The IJ was also concerned that Gashaj did not mention in his application that he was beaten
to the point of unconsciousness at the September 1998 rally. This rally is a central issue in
Gashaj’s claim for asylum, and omissions and inconsistencies cannot be overlooked. See
Daneshvar v. Ashcroft, 355 F.3d 615, 623 (6th Cir. 2004) (minor inconsistencies, such as dates,
cannot support a finding that an alien is incredible). Furthermore, the fact that Gashaj could not
consistently say how many people attended the September 1998 rally that he allegedly organized
caused the IJ to doubt whether the rally took place at all or if Gashaj attended it. He stated on direct
examination that between 400 and 500 people attended, but on cross-examination, he only said that
more than 100 people were at the rally. Although these answers may not be technically
inconsistent, the inability of Gashaj to consistently and definitively respond to the questions tends
to substantiate the IJ’s determination that Gashaj did not prove past persecution.

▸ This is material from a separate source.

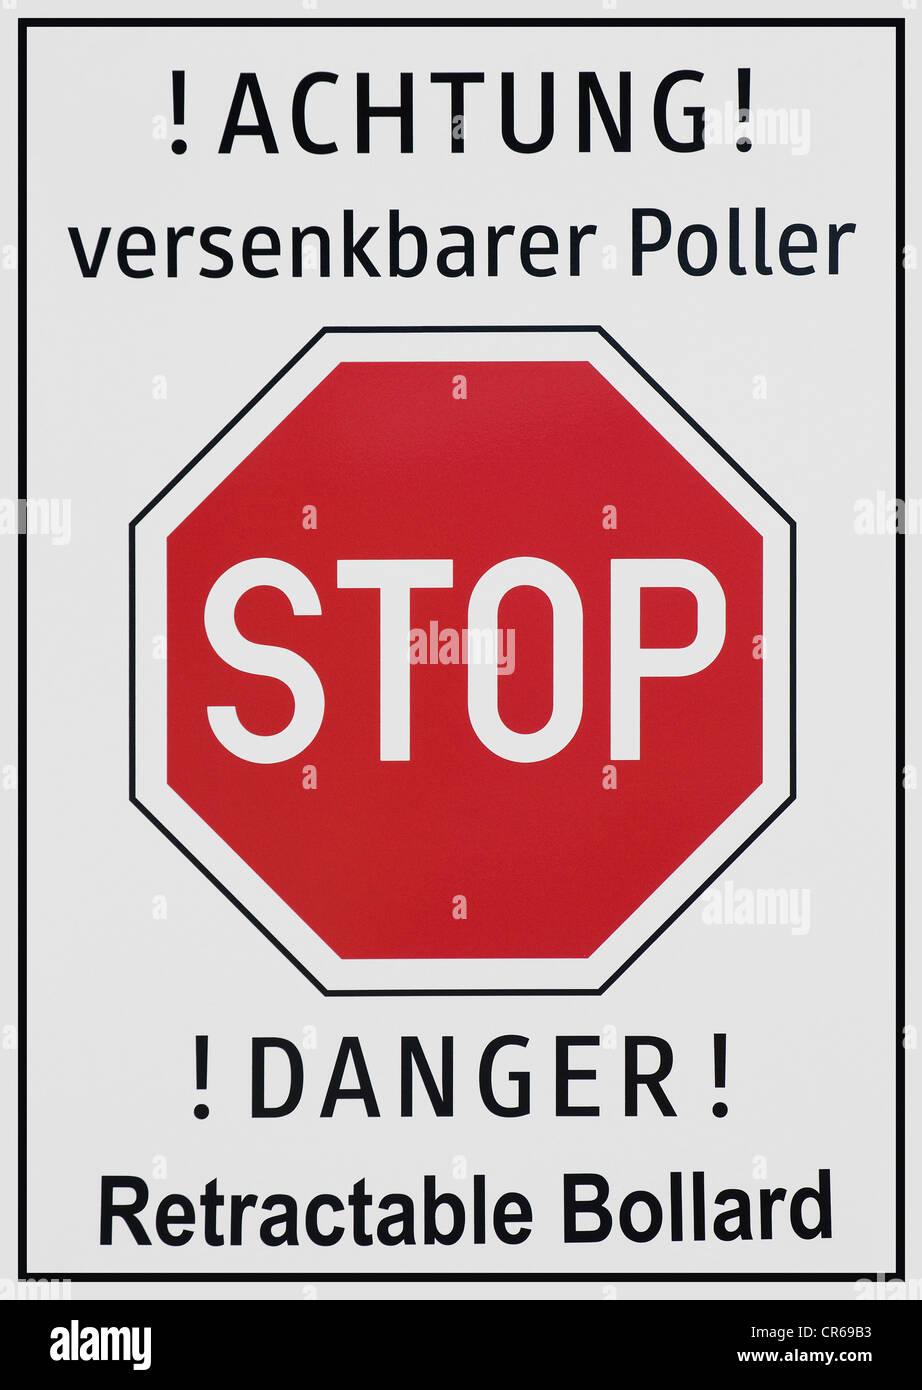 Achtung versenkbarer Poller or Danger, retractable bollard, warning sign - Stock Image

Furthermore, Gashaj first mentioned his cousin’s recent death after cross-examination was
over. This fact was not brought out on direct examination; he blurted it out when he was asked to
step down from the witness stand. The spontaneity of such an important fact supports the IJ’s
credibility determination.
Finally, evidence exists to show that Gashaj entered the United States in 2000, not to
receive political asylum, but to obtain medical treatment for his daughter. His entry into the United
States came a mere five weeks after allegedly suffering a beating after the August 10, 2002 rally,
but he had no intention of seeking political asylum at that time. This evidence tends to disprove
Gashaj’s claim that he fears future persecution were he to return to Albania.
Because, on the whole, the suspect statements relate to issues at the heart of his asylum
claim, Gashaj has failed to show that he suffered past persecution. Without evidence of past
persecution or a well-founded fear of future persecution, he is ineligible for asylum. The evidence
does not compel a different decision. Because Gashaj cannot establish that he is a “refugee,” it is
unnecessary to determine whether his case merits “favorable a favorable exercise of discretion” by
the Attorney General. Perkovic v. INS, 33 F.3d 615, 620 (6th Cir. 1994).1
AFFIRMED.
1
Gashaj failed to challenge the IJ’s determination on the issues of withholding of removal
and the applicability of the Convention Against Torture. These issues, therefore, have been waived.
Gjyzi v. Ashcroft, 386 F.3d 710, 714 (6th Cir. 2004).